预冷通道中超临界甲烷换热特性分析

doi:10.16085/j.issn.1000-6613.2023-0657

摘要/Abstract

摘要：

为了研究甲烷预冷器的预冷性能，本文基于Realizable k-ε湍流模型开展了预冷通道中超临界甲烷换热特性数值研究。探究了甲烷压力和预冷器结构参数对换热的影响机制。讨论了通道截面温度场和流场特征，探究了离心力及二次流对换热的影响，分析传热过程熵产。考察了热加速对换热的影响，提出了新的热加速量纲为1因子和判别准则，综合离心力项和热加速项建立了换热关联式。结果表明：进口段热边界层低热导率引起传热恶化问题，离心力造成周向换热差别。通道截面出现较强二次流，其传热熵产显著。甲烷压力提高有利于抑制传热恶化且削弱离心力作用；预冷器外径增大会增强离心力且使传热恶化加剧。当热加速因子Ac高于8.19×10^-7时，热加速对传热恶化发挥作用。提出的换热关联式可以有效实现预冷通道中超临界甲烷的换热预测。

关键词: 微通道, 超临界甲烷, 传热, 离心力, 熵产, 数值分析

Abstract:

In order to study the precooling performance of methane precooler, numerical research on heat transfer characteristics of supercritical methane in precooling channels were carried out based on Realizable k-ε turbulence model.
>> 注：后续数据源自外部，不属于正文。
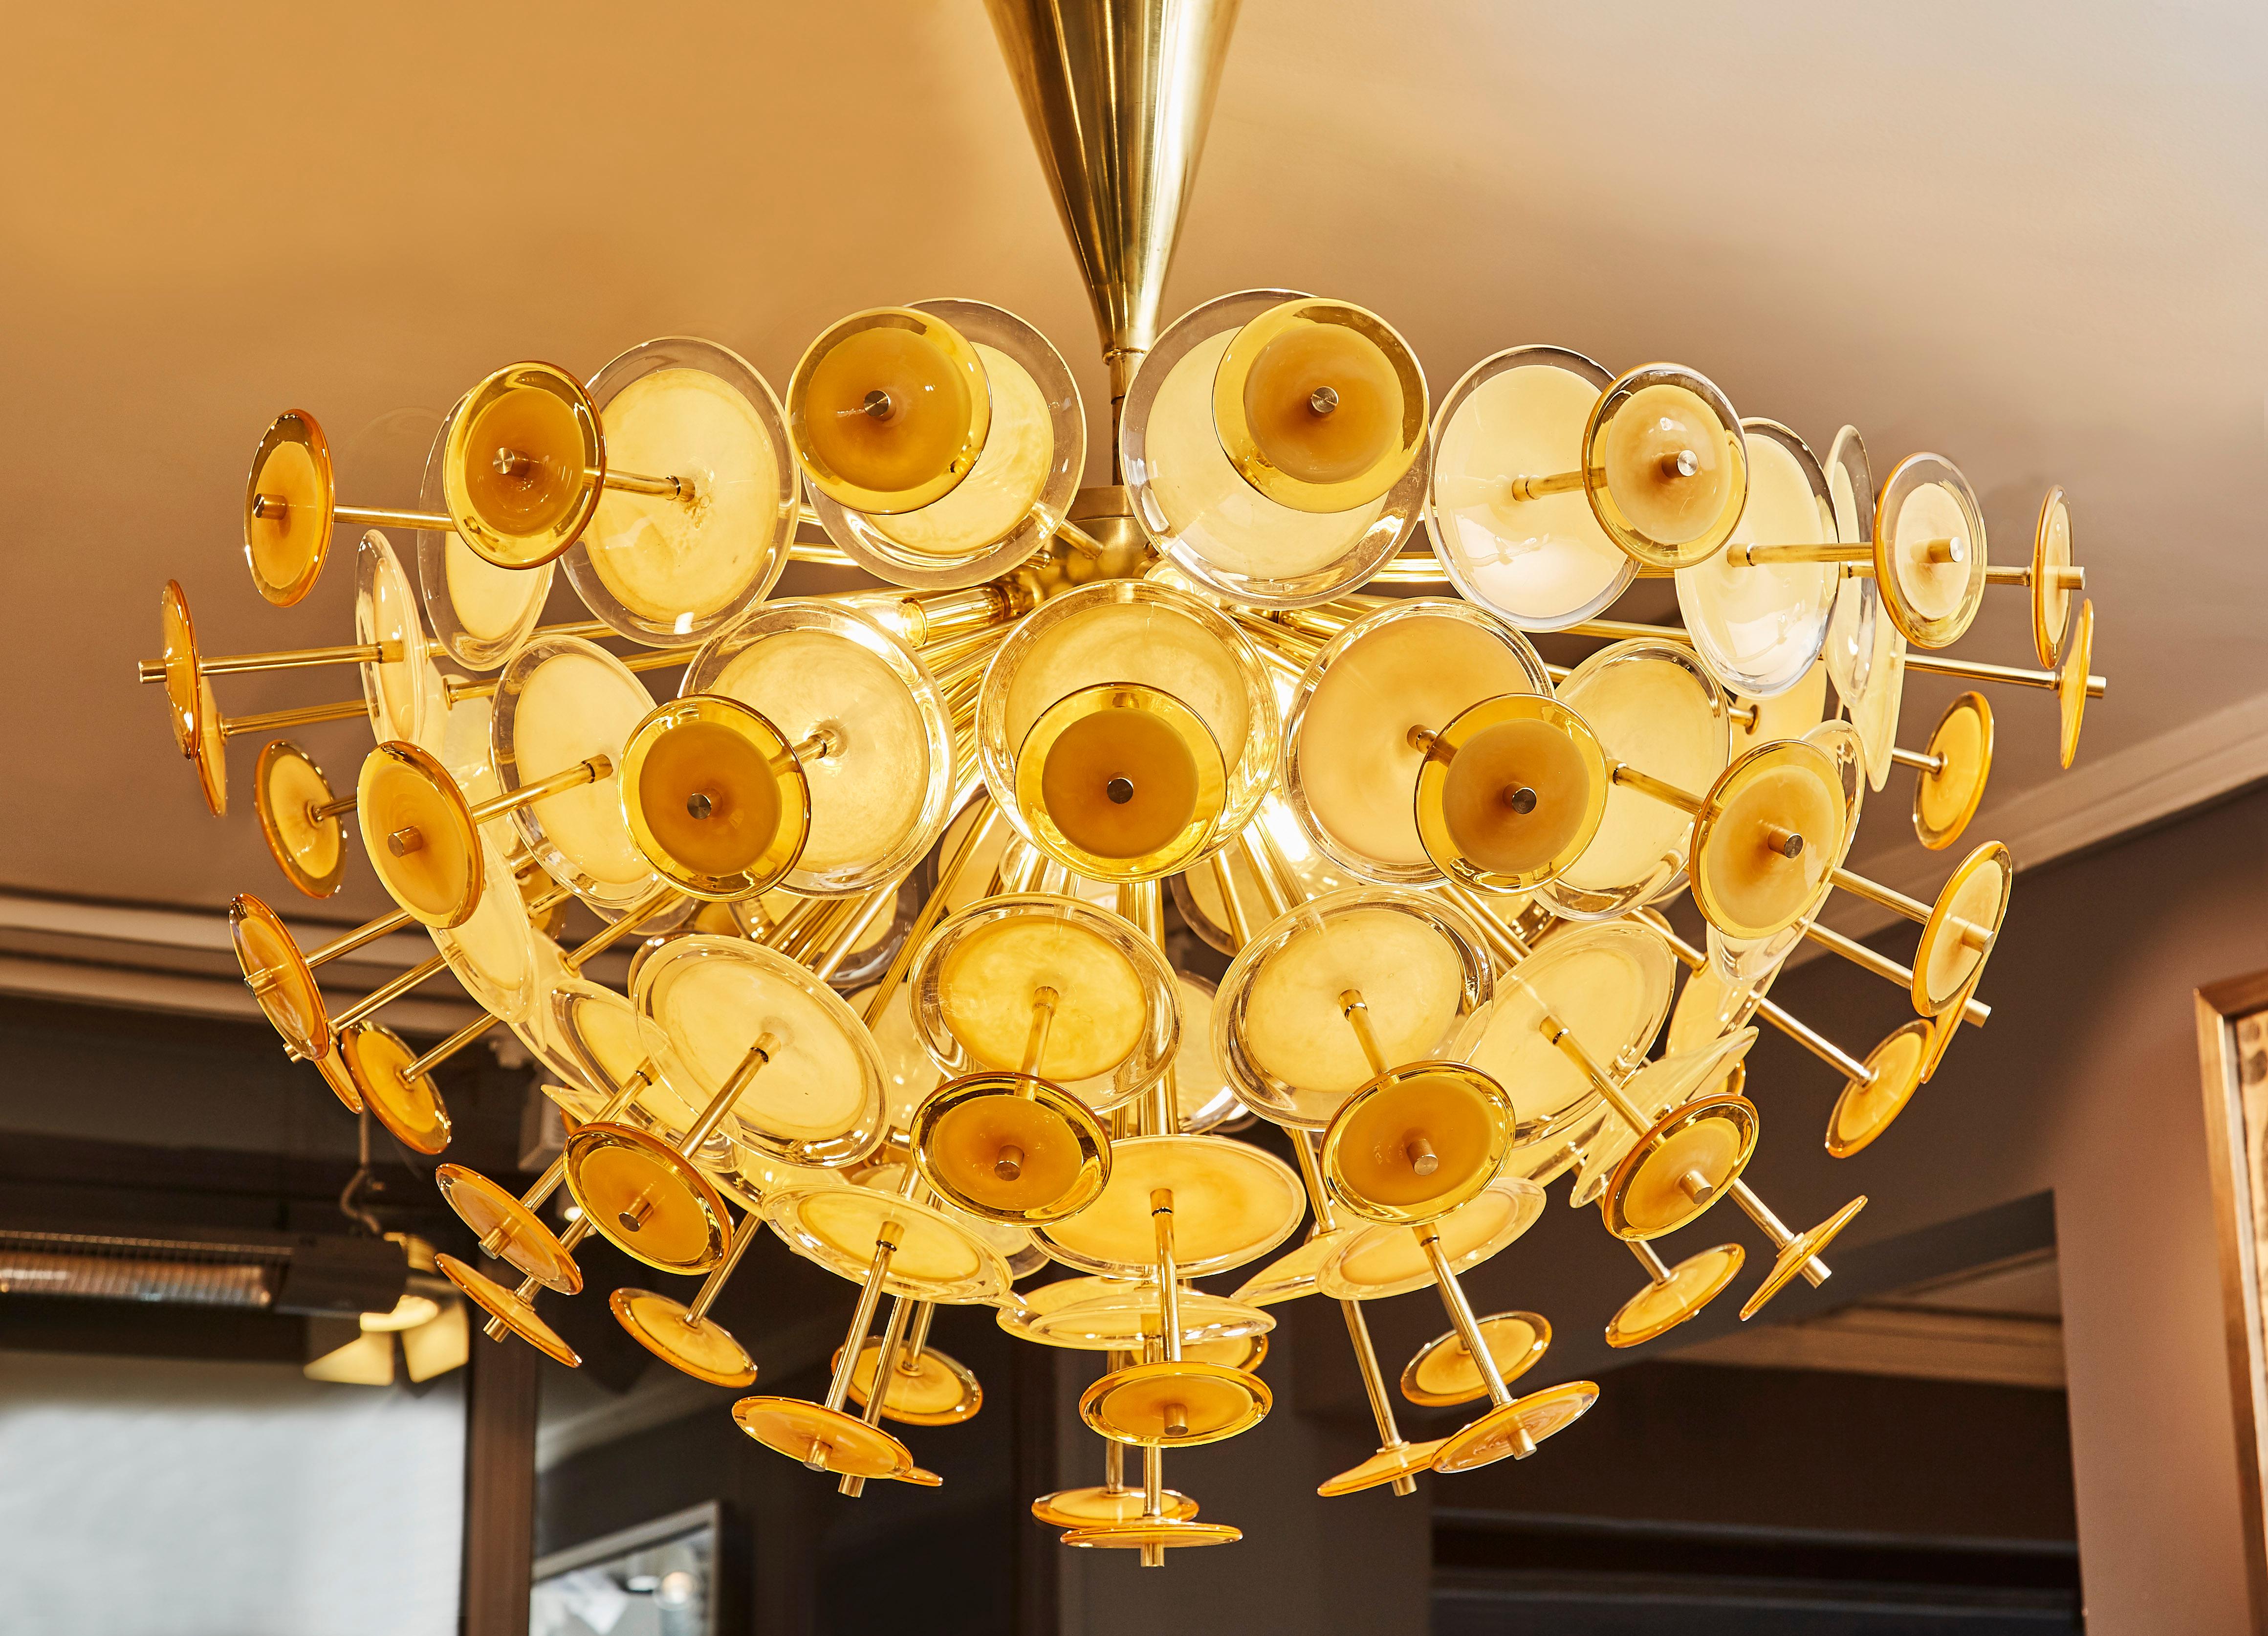 Elégant lustre demi-Sputnik en laiton avec des verres de Murano teintés d'ambre. Création unique du Studio Glustin, Italie, 2019.
 
 
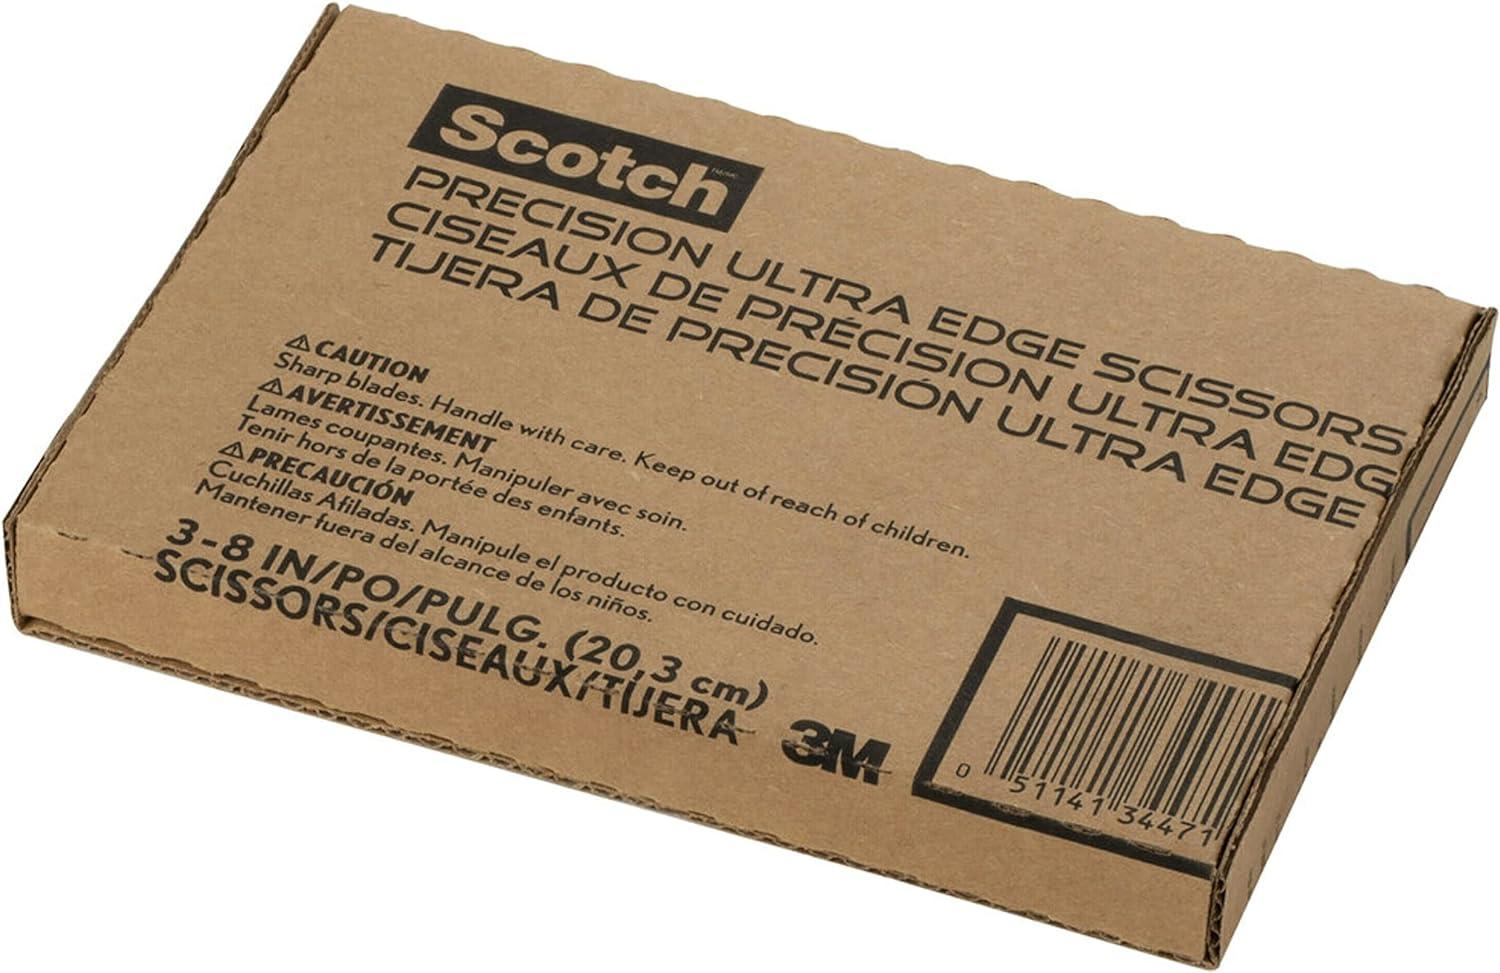  Scotch 8 Precision Ultra Edge Non-Stick Scissors, 3
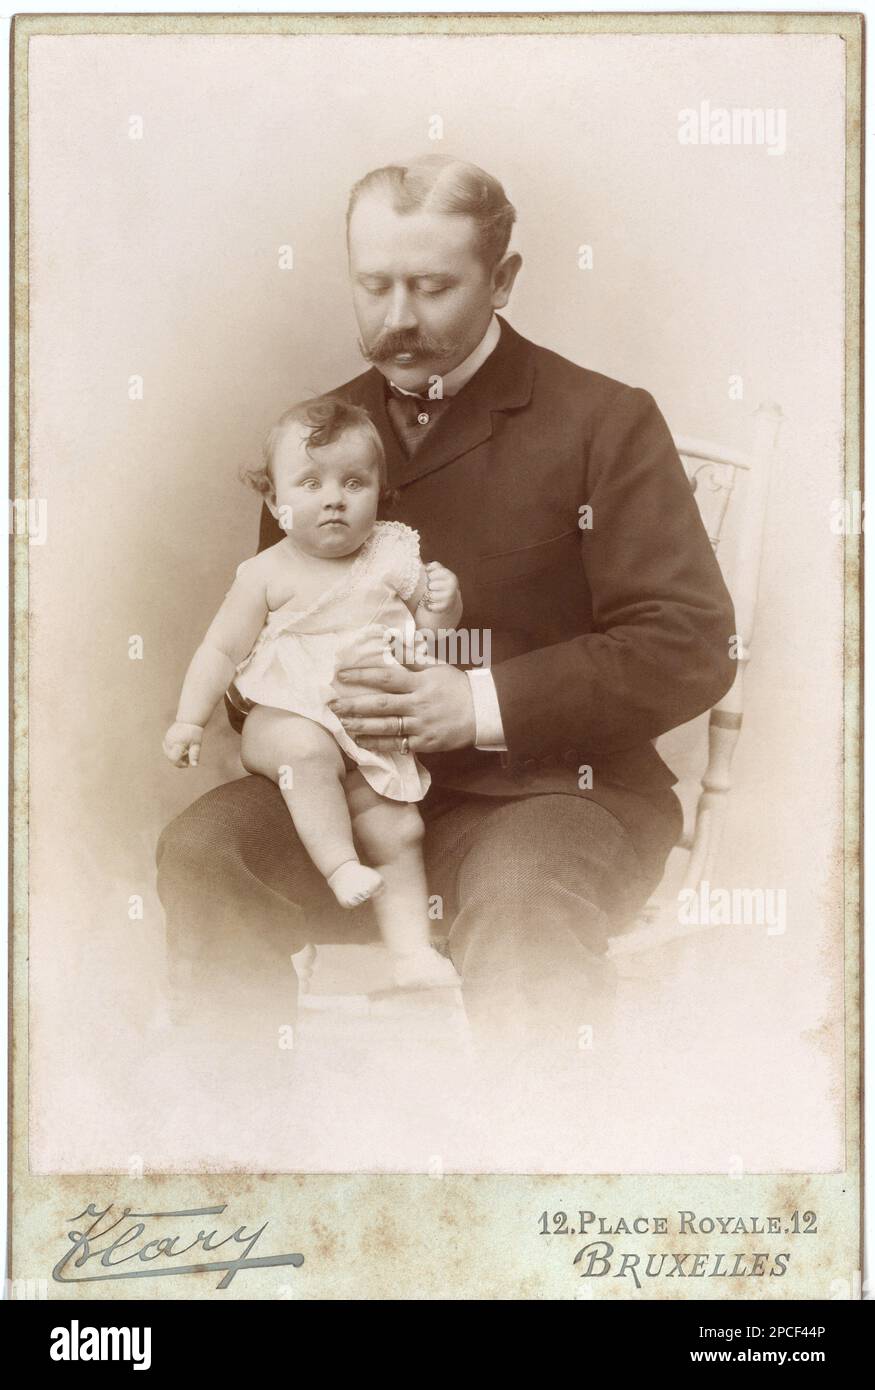 1885 Ca , BRUXELLES , BELGIEN : Ein kleiner Junge mit seinem Vater. Foto: Klary , Brüssel . Unidentifizierte Patientennamen. Dieses Foto stammt aus dem Album der Familie des französischen Barons Ernest De La Grange ( 1854 - 1899 ) und seiner Frau baronesse Clementine de Chaumont-Quitry ( 1863 - 1944 ) - PORTRAIT - RITRATTO - PADRE E FIGLIO - PAPA' - FOTO STORICHE - GESCHICHTSFOTOS - - - BAMBINO - BAMBINI - CHILD - BEBE - BABY - CHILDREN - BOTTOCENTO - 800 'S - '800 - FASHION - MODA - KRAWATTE - CRAVATTA - BAFFI - SCHNURRBART - FAMIGLIA - FAMILIE - KINDHEIT - FIGLIO - SOHN - nobili - Nobiltà - Adel Stockfoto

Influence mechanisms of methane pressure and precooler structural parameter on heat transfer were analyzed. Temperature field and flow field characteristics in the channel section were discussed, the effects of centrifugal force and secondary flow on heat transfer were explored, and the entropy generation in the heat transfer process was analyzed. The influence of thermal acceleration on heat transfer was investigated, and a new dimensionless factor and criterion for thermal acceleration were proposed. The heat transfer correlation was established by combining the centrifugal force term and the thermal acceleration term. The results show that the low thermal conductivity of thermal boundary layer in the inlet region causes the heat transfer deterioration, and the centrifugal force leads to the circumferential difference in heat transfer. The strong secondary flow appears in the channel cross-section, and the heat transfer entropy generation is significant. The increase in methane pressure is beneficial for suppressing the heat transfer deterioration and weakening the effect of centrifugal force. The increase in outer diameter of precooler will enhance the centrifugal force and exacerbate the heat transfer deterioration. When Ac exceeds 8.19×10^-7, the thermal acceleration plays a role in the deterioration of heat transfer. The proposed heat transfer correlation can effectively predict the heat transfer of supercritical methane in precooled channels.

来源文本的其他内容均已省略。